The Supreme Court decision starts with the premise that “liability for inducement must be predicated on direct infringement.” From there, the Supreme Court rejects the rationale behind the Federal Circuit decision that liability for inducement can arise “even if no one has committed direct infringement.” The Supreme Court accepts without deciding that the holding of Muniauction is correct, and then explains that it can reach no other conclusion than that “there has simply been no infringement of the method in which respondents have staked out an interest, because the performance of all the patent’s steps is not attributable to any one person.”

A Disrespectful Decision?

The Supreme Court decision comes close to being openly disrespectful to the Federal Circuit. Early in its analysis, the Supreme Court accuses the Federal Circuit of “fundamentally misunderstand[ing]” basic principles of patent law:

The Federal Circuit’s analysis fundamentally misunderstands what it means to infringe a method patent. A method patent claims a number of steps; under this Court’s case law, the patent is not infringed unless all the steps are carried out.

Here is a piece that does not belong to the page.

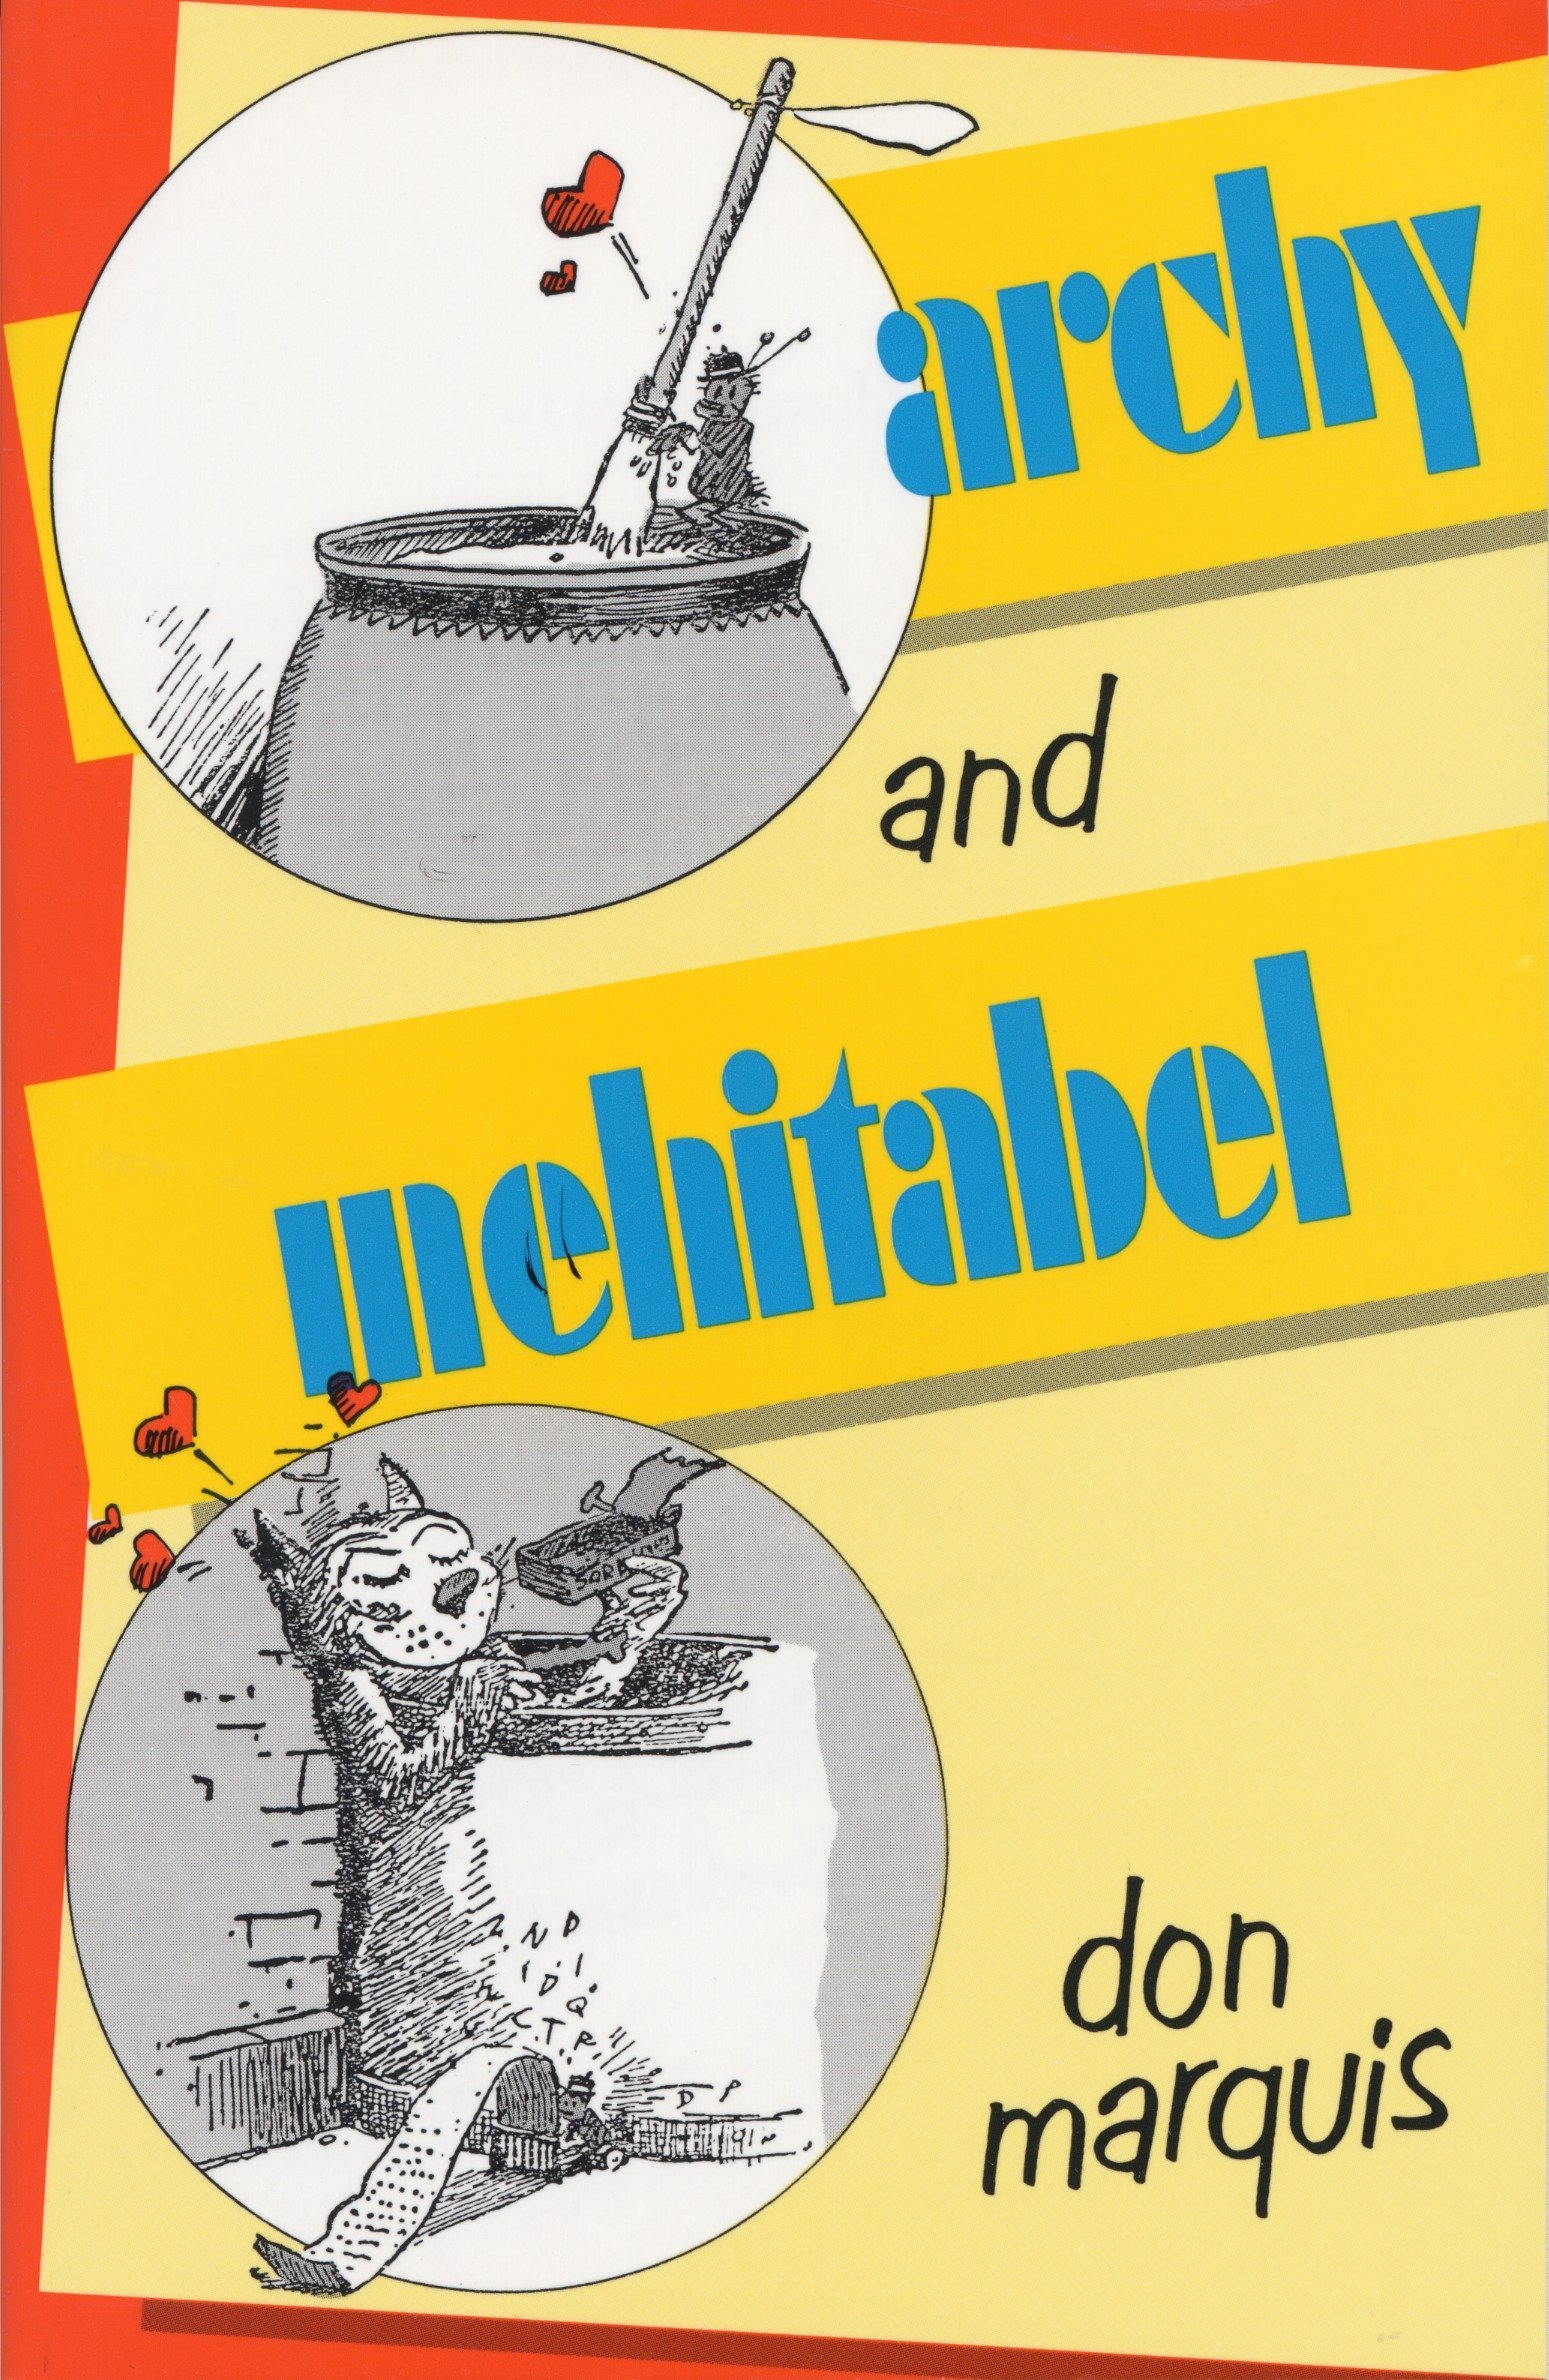 Archy and Mehitabel: Amazon.es: Don Marquis: Libros en idiomas extranjeros

Surely, the Supreme Court does not really believe that the Federal Circuit is that ignorant!

While the Supreme Court refused to review the merits of Muniauction, it did not refrain from placing the blame for the method claim morass at the Federal Circuit’s doorstep:

A desire to avoid Muniauction’s natural consequences does not justify fundamentally altering the rules of inducement liability that the text and structure of the Patent Act clearly require—an alteration that would result in its own serious and problematic consequences, namely, creating for §271(b) purposes some free-floating concept of “infringement” both untethered to the statutory text and difficult for the lower courts to apply consistently.

Impact on Personalized Medicine Claims

While the claims at issue in this case related to computer systems, the decision is important to patents in the personalized medicine space. As I wrote previously, certain aspects of the Prometheus decision encourage method steps that would be carried out by different actors, such as one or more doctors, a testing laboratory, and/or the patient. While it is possible that an agency relationship could link those parties under Muniauction, the holding in Akamai may make it harder to successfully assert such patents. Applicants who are facing rejections under the USPTO’s new Subject Matter Eligibility Guidance should be cautious about adding additional method steps to their claims in order to overcome the new § 101 rejections, especially if it is likely that such steps would be carried out by different actors.